=== Section Start ===
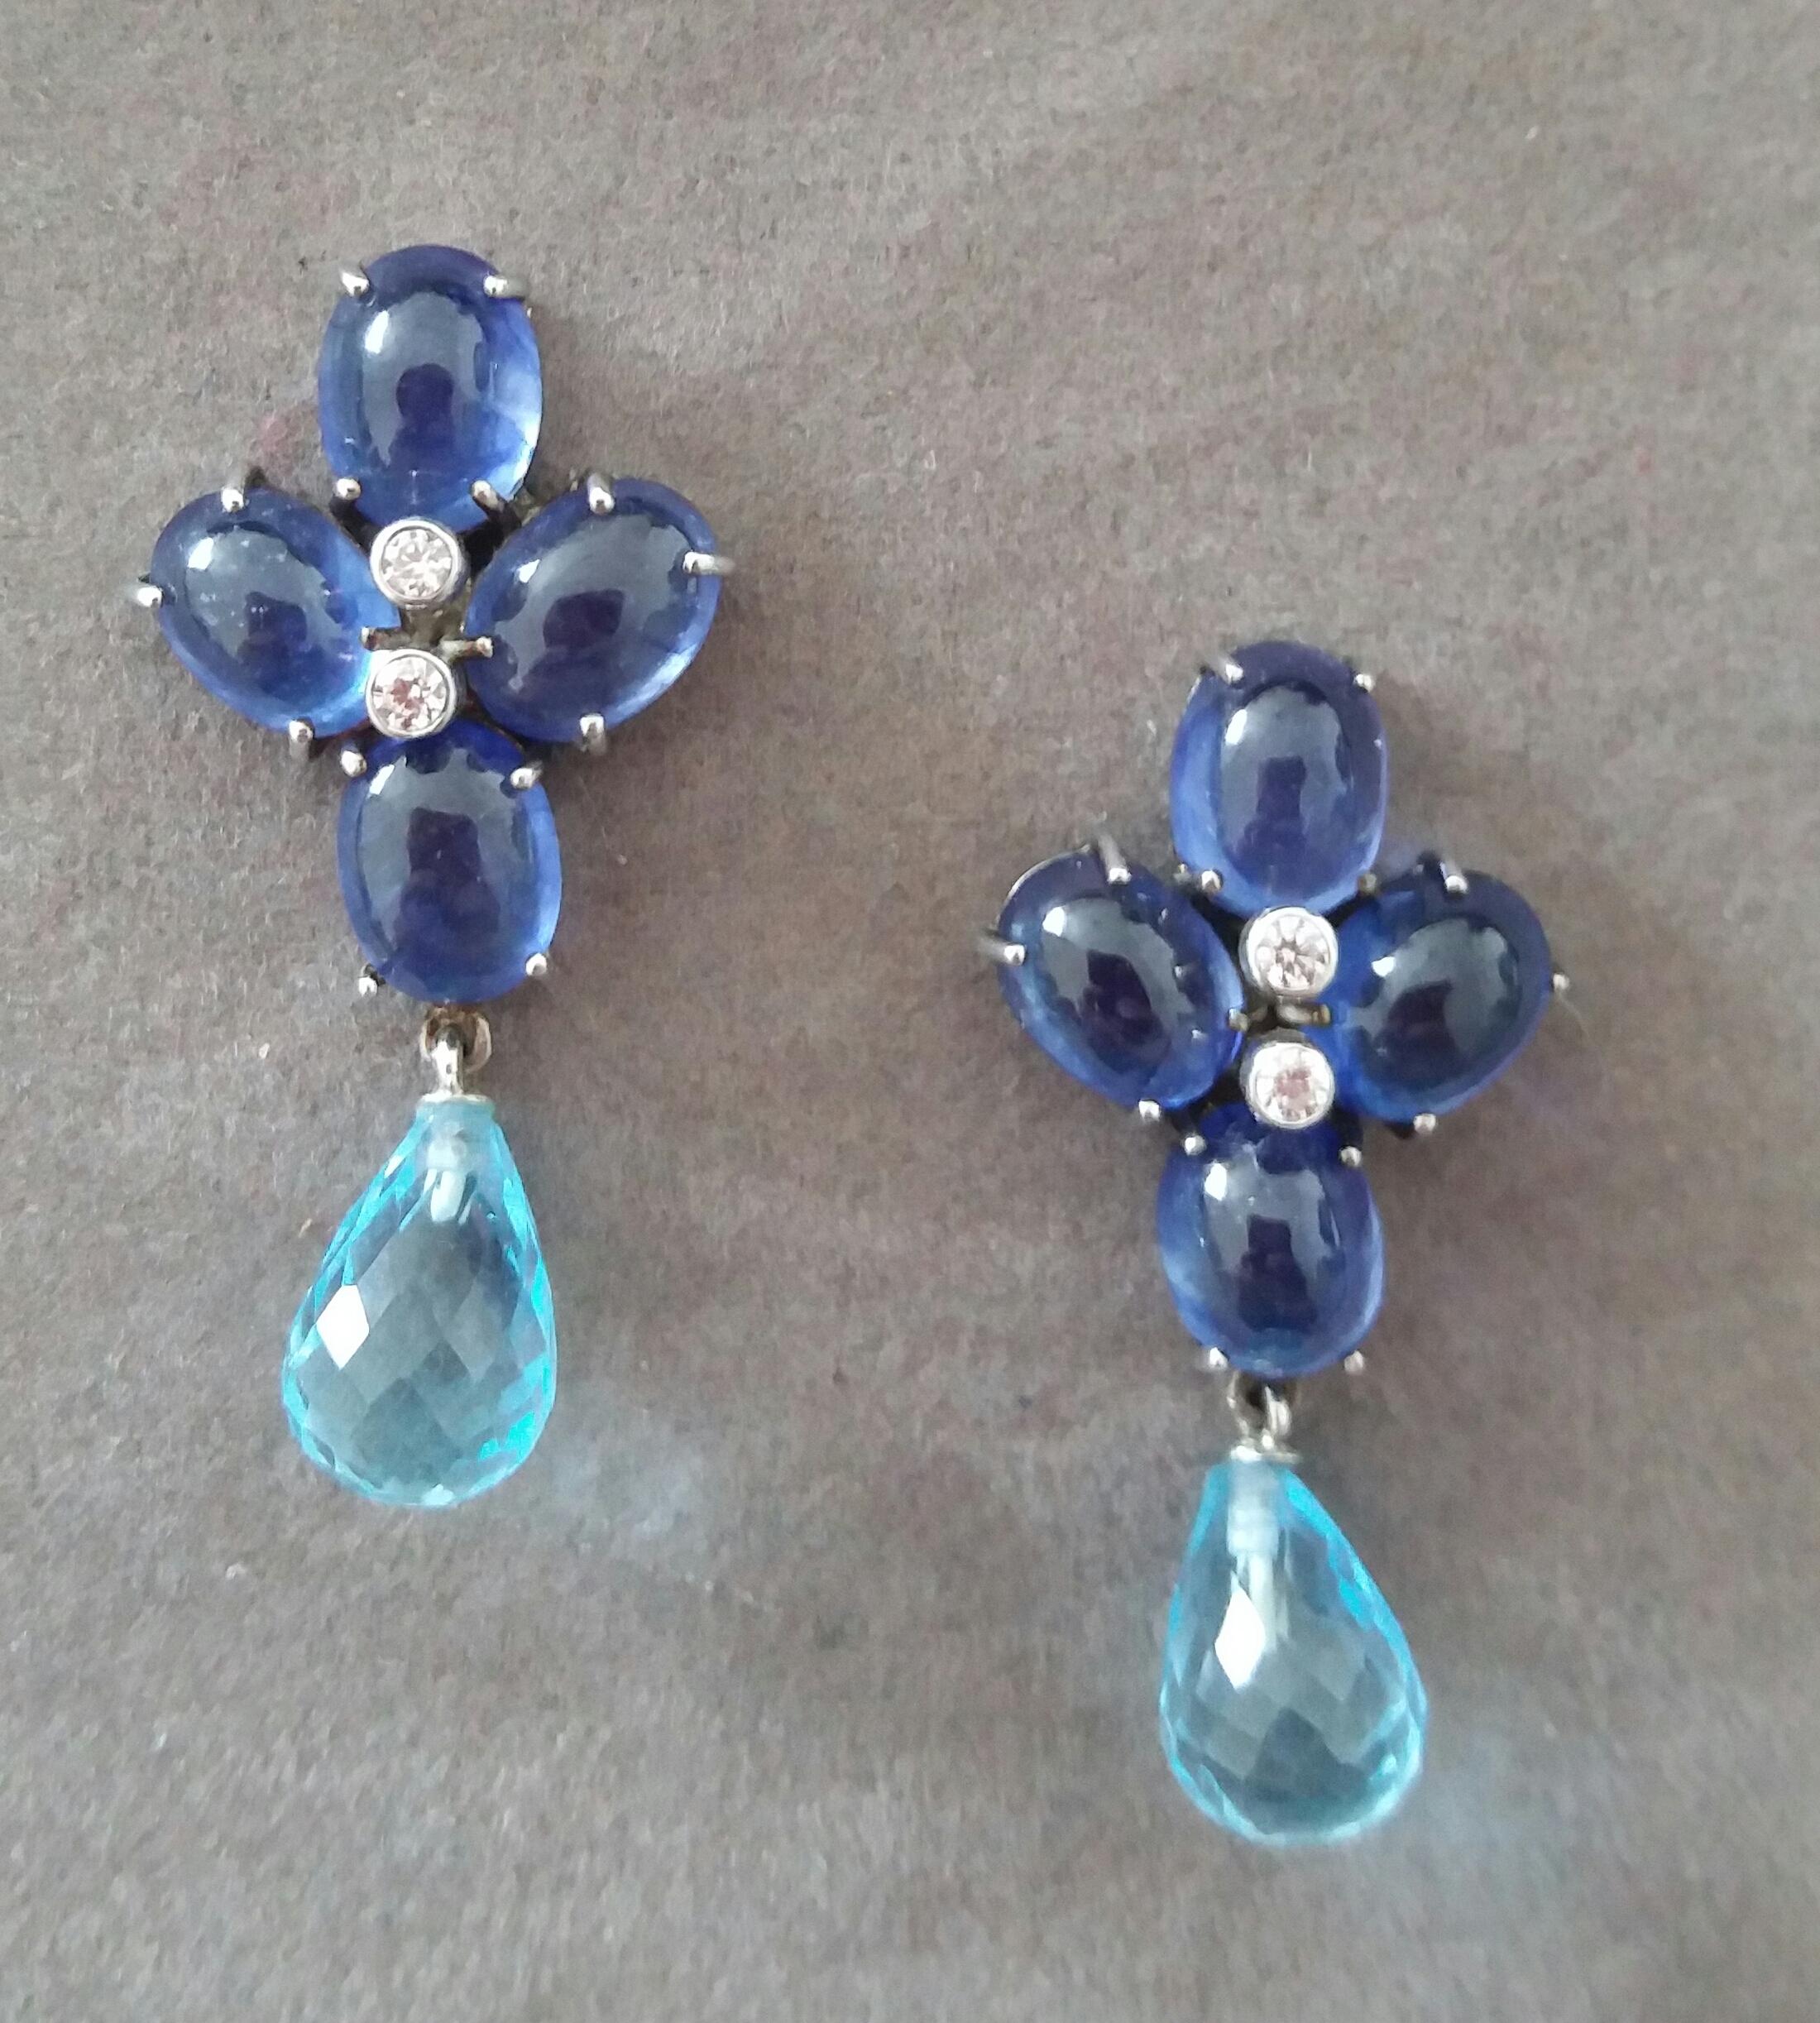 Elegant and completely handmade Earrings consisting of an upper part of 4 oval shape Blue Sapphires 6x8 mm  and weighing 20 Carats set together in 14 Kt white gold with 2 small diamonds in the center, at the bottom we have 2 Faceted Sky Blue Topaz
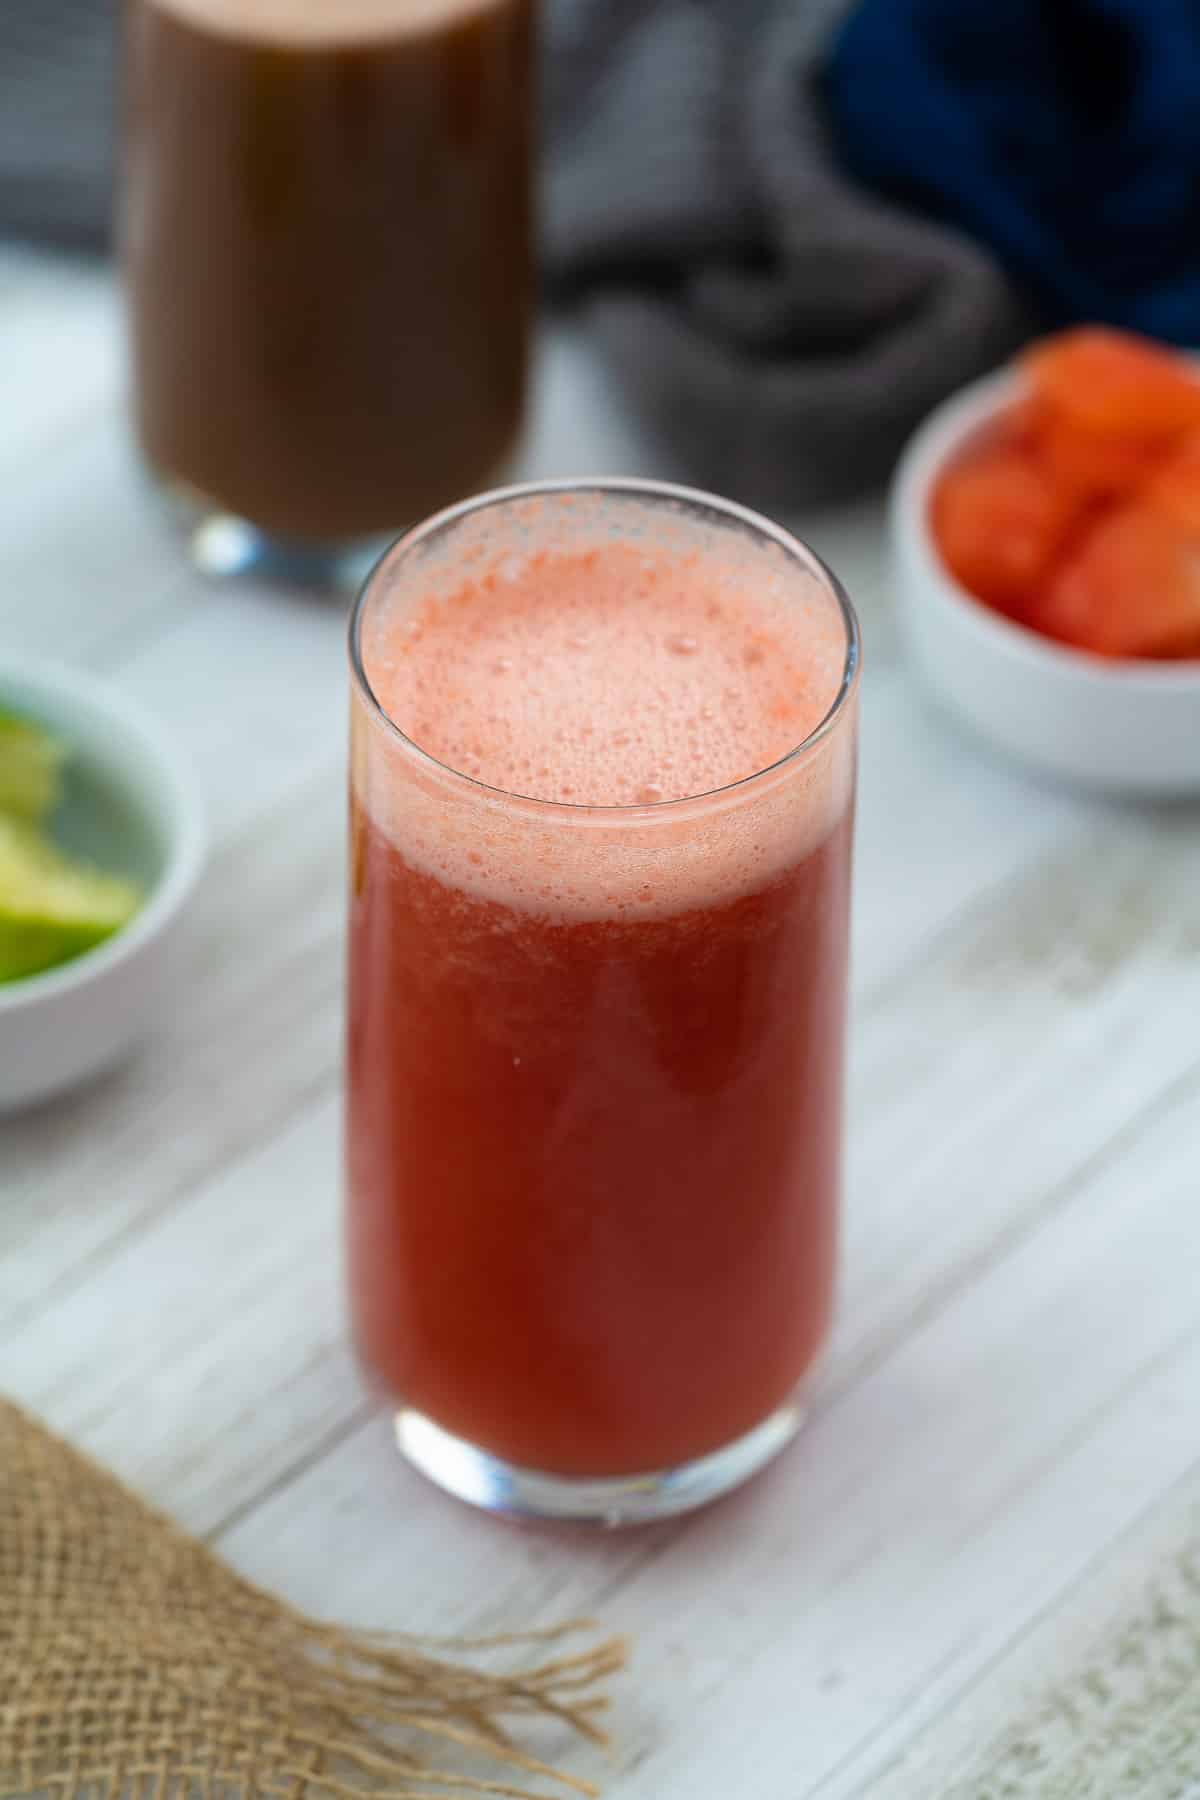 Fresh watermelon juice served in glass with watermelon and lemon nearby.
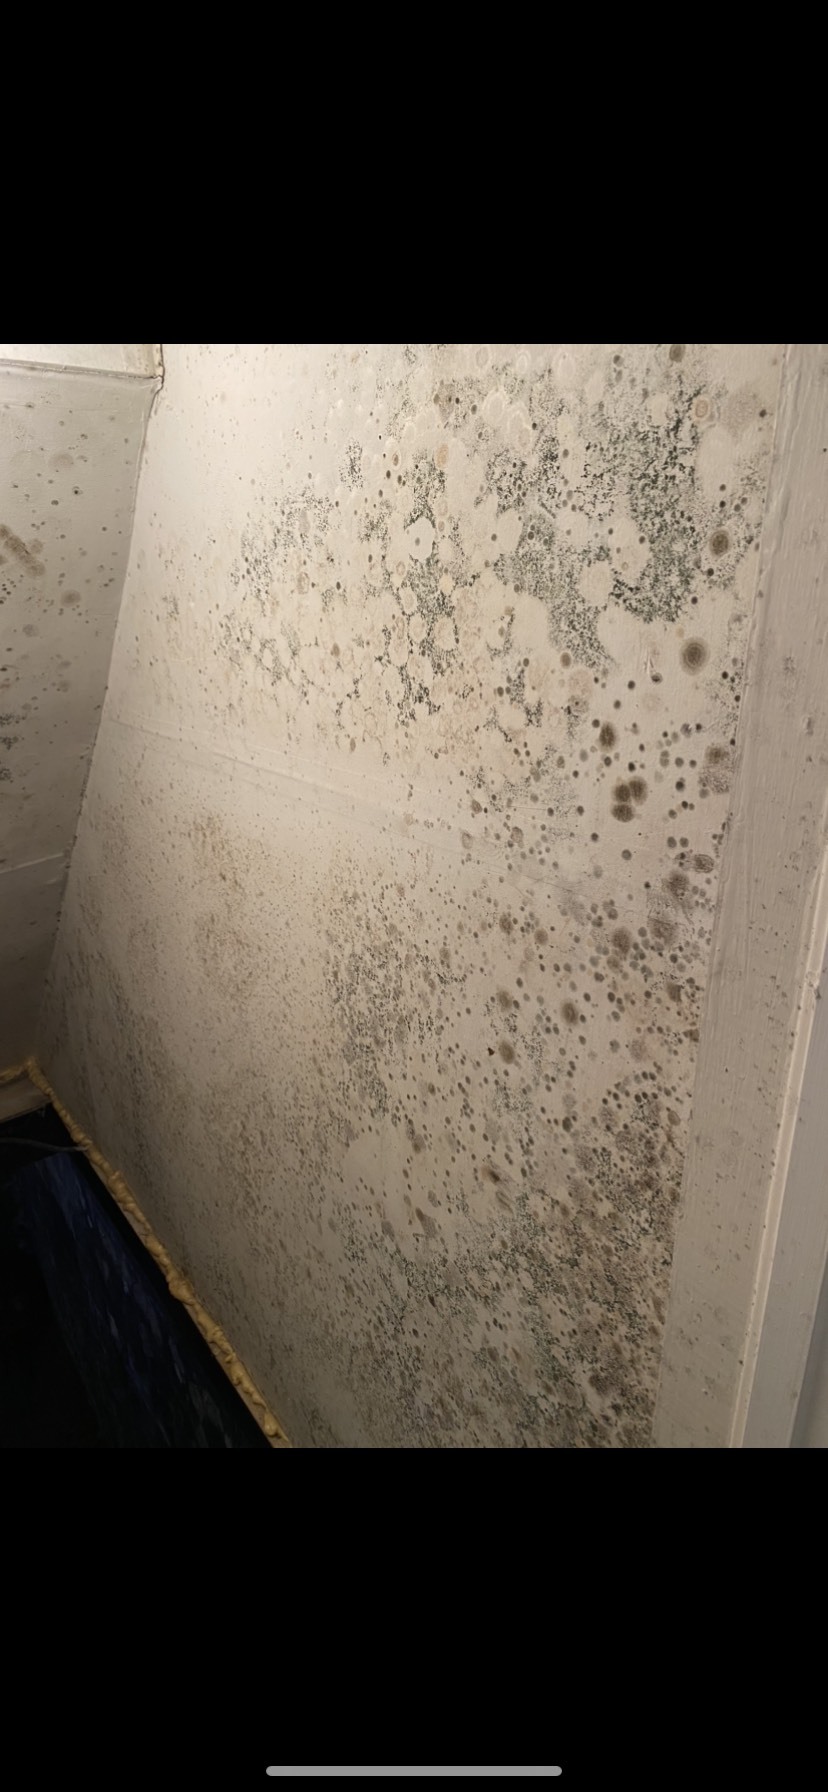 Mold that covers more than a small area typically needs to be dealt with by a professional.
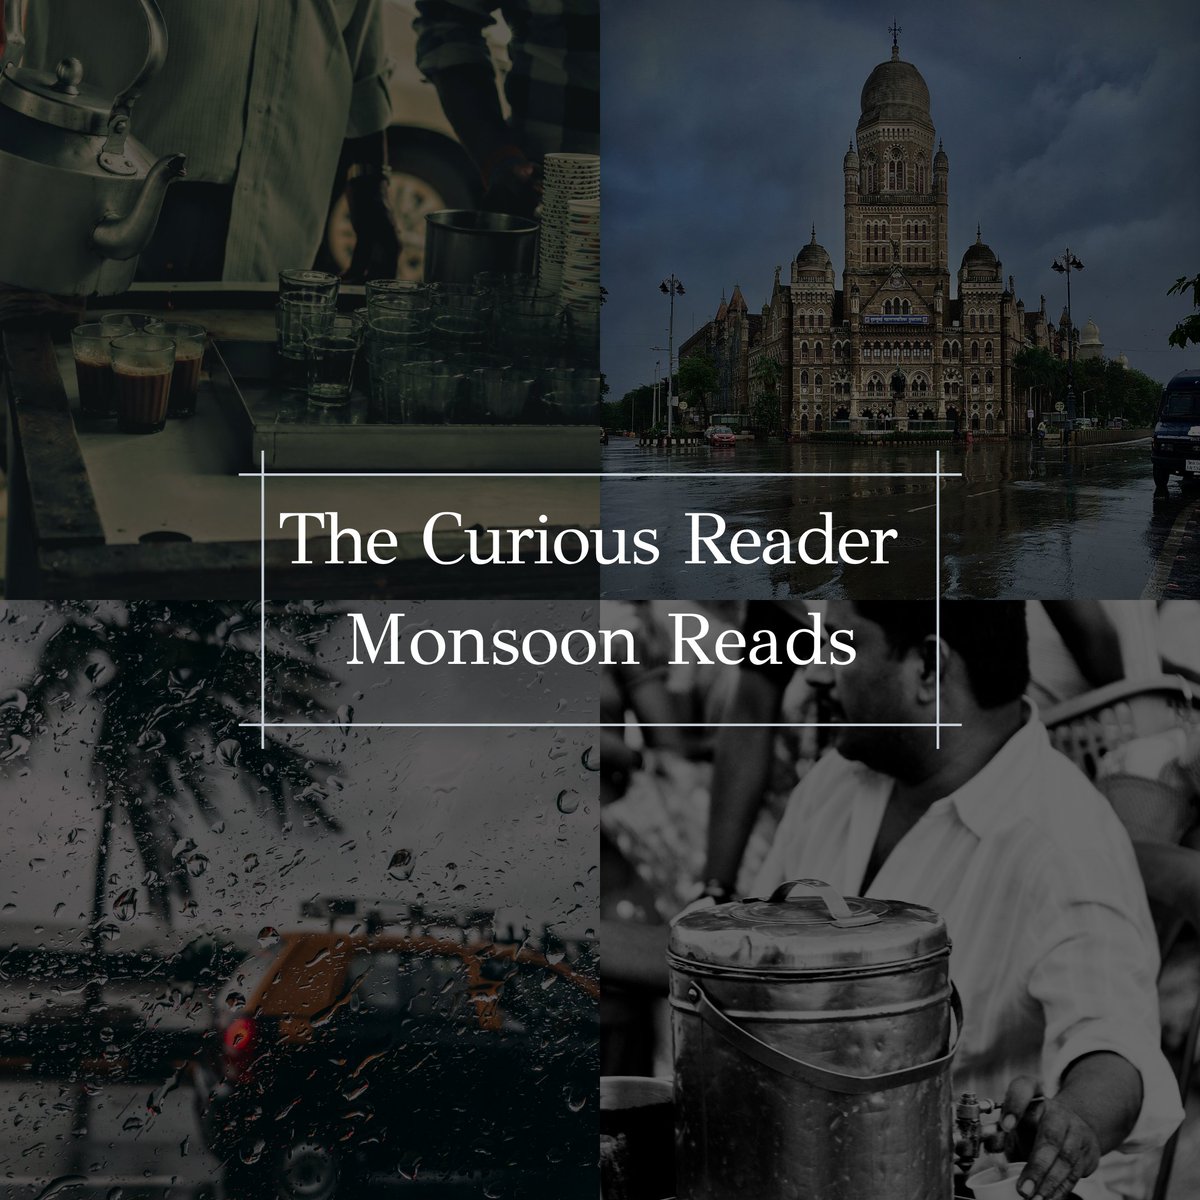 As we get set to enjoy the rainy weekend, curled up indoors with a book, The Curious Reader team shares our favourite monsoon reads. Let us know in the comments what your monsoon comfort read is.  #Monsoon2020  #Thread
=== Section End ===
# [Exercise directions]
Skip the pictures. Please copy exactly the lines from the one with "Fresh watermelon juice" through the final line of the material above, both ends included.

# [Exercise answer]
 Fresh watermelon juice served in glass with watermelon and lemon nearby.
 Mold that covers more than a small area typically needs to be dealt with by a professional.
 As we get set to enjoy the rainy weekend, curled up indoors with a book, The Curious Reader team shares our favourite monsoon reads. Let us know in the comments what your monsoon comfort read is.  #Monsoon2020  #Thread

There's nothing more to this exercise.